Basically this means that this bug is quite critical, it will break the cluster scalability if people execute update --yes

Screenshot 2024-01-24 at 20 23 42 Screenshot 2024-01-24 at 21 39 36

the problem might ne that we are assuming that it is possible to modify old NLBs that does not have security groups? It is not possible to create security group rules to existing NLBs.

So what happened? When executed --yes in one cluster, it deleted the existing security group rules. However, it could not add the new rules -> API NLB unhealthy (missing sec group rules) -> scaling does not work

from kops.

zetaab avatar zetaab commented on June 4, 2024

tried to recreate the nlb and now whole cluster does not work..
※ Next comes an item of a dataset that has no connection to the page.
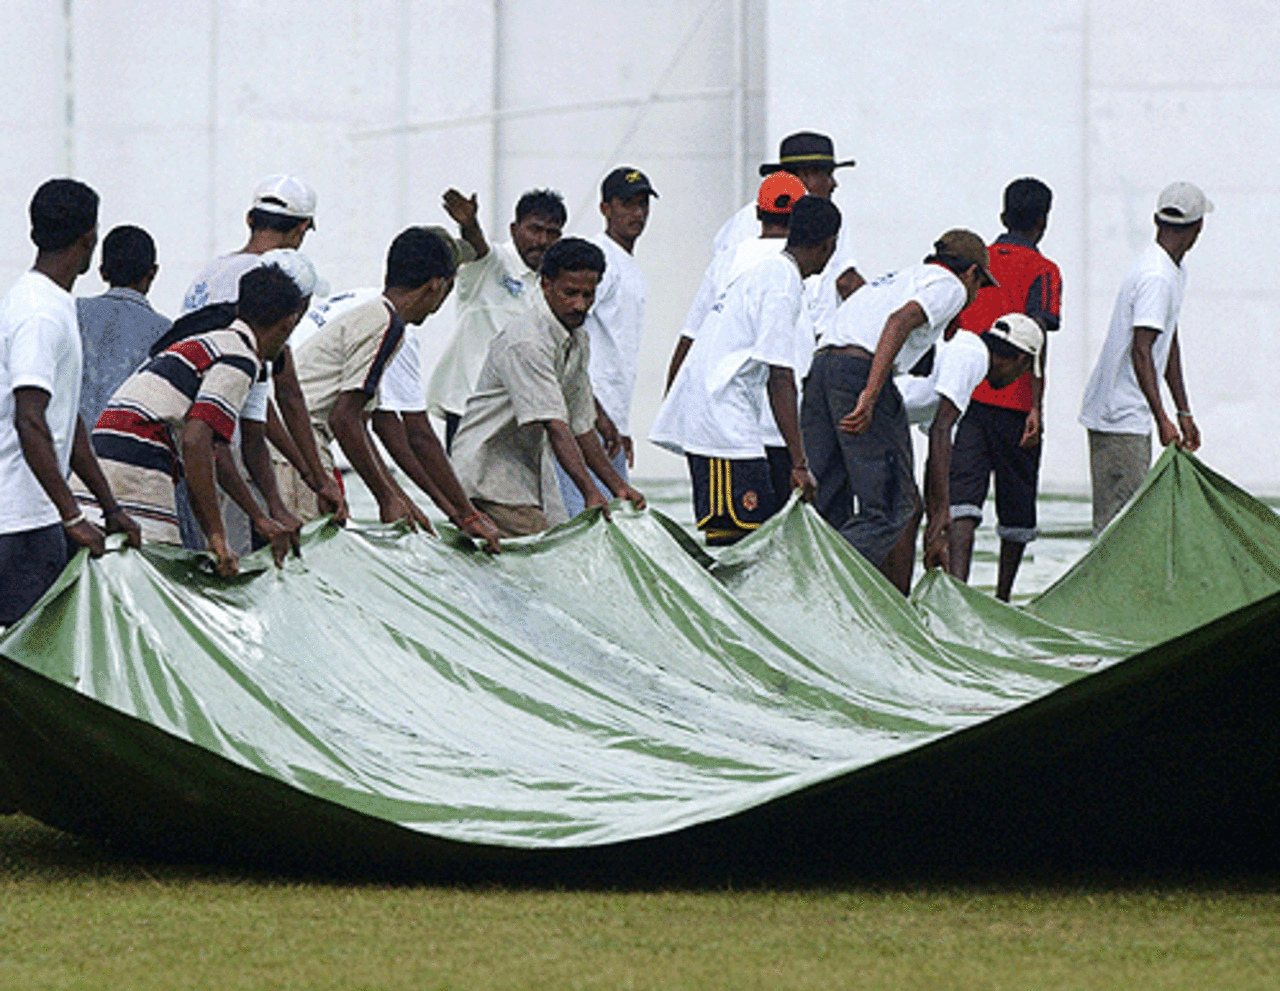 Sri Lankan ground staff pull over the covers to protect the pitch from a sudden downpour of rain prior to the start of the third day of the second and final Test match, Sri Lanka v West Indies, Kandy, July 24 2005
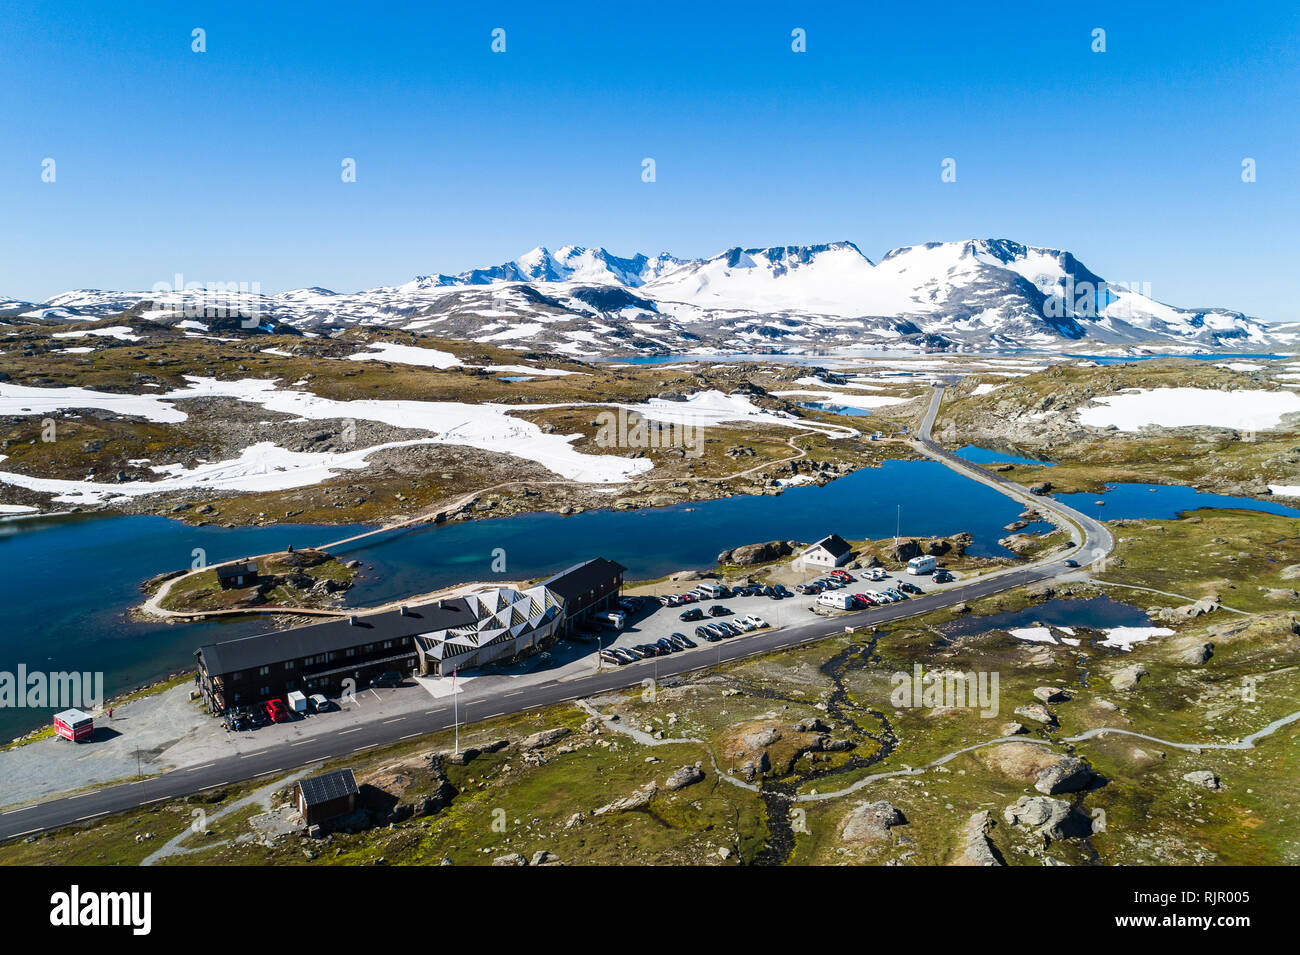 Lakeside skiing centre surrounded by rugged landscape and mountains, drone view, Sognefjell, Jotunheimen, Norway, Europe Stock Photo

looks like its needed to rotate ALL nodes and control planes after that to get anything working.

from kops.

justinsb avatar justinsb commented on June 4, 2024

Sorry about this - this shouldn't be the case. The theory is that I introduced it with the ForAPIServer changes, so I'm taking a look.

from kops.

justinsb avatar justinsb commented on June 4, 2024

I think the issue might be #15993

The error is "InvalidConfigurationRequest: You cannot set security groups on a Network Load Balancer which was created without any security groups.", and indeed in 1.28 (and earlier) we did not create NLBs with security groups, this was introduced in the above PR which is only in 1.29

from kops.

justinsb avatar justinsb commented on June 4, 2024

We do have upgrade tests that cover this upgrade e.g. https://testgrid.k8s.io/sig-cluster-lifecycle-kops#kops-aws-upgrade-k127-ko128-to-k128-kolatest-many-addons , but it isn't using load balancers; another good reason to switch to dns=none in our tests!

from kops.

justinsb avatar justinsb commented on June 4, 2024

So the best workaround I've found so far is to delete the load balancer; the next kops update can then recreate it. The problem is that with dns=none (at least) the IP address changes which then requires a forced-rolling update of the nodes. With dns=none, the kubeconfig also changes, because the load balancer name is randomized by AWS.

I haven't found a way to keep the load balancer IP / name yet.

from kops.

justinsb avatar justinsb commented on June 4, 2024

Thinking on this, I think the upgrade experience is fundamentally going to be bad (thank you for flagging @zetaab, and sorry that you hit it!). Rather than talking many people through the process, I think we should do something to make it a smooth process.

Two ideas:

  • We revert the security group change on the NLB entirly. I don't love this, it feels like a big change.
  • We can look at creating a second NLB during the upgrade. We would likely have to move the security group rule cleanup to a new phase after the rolling update.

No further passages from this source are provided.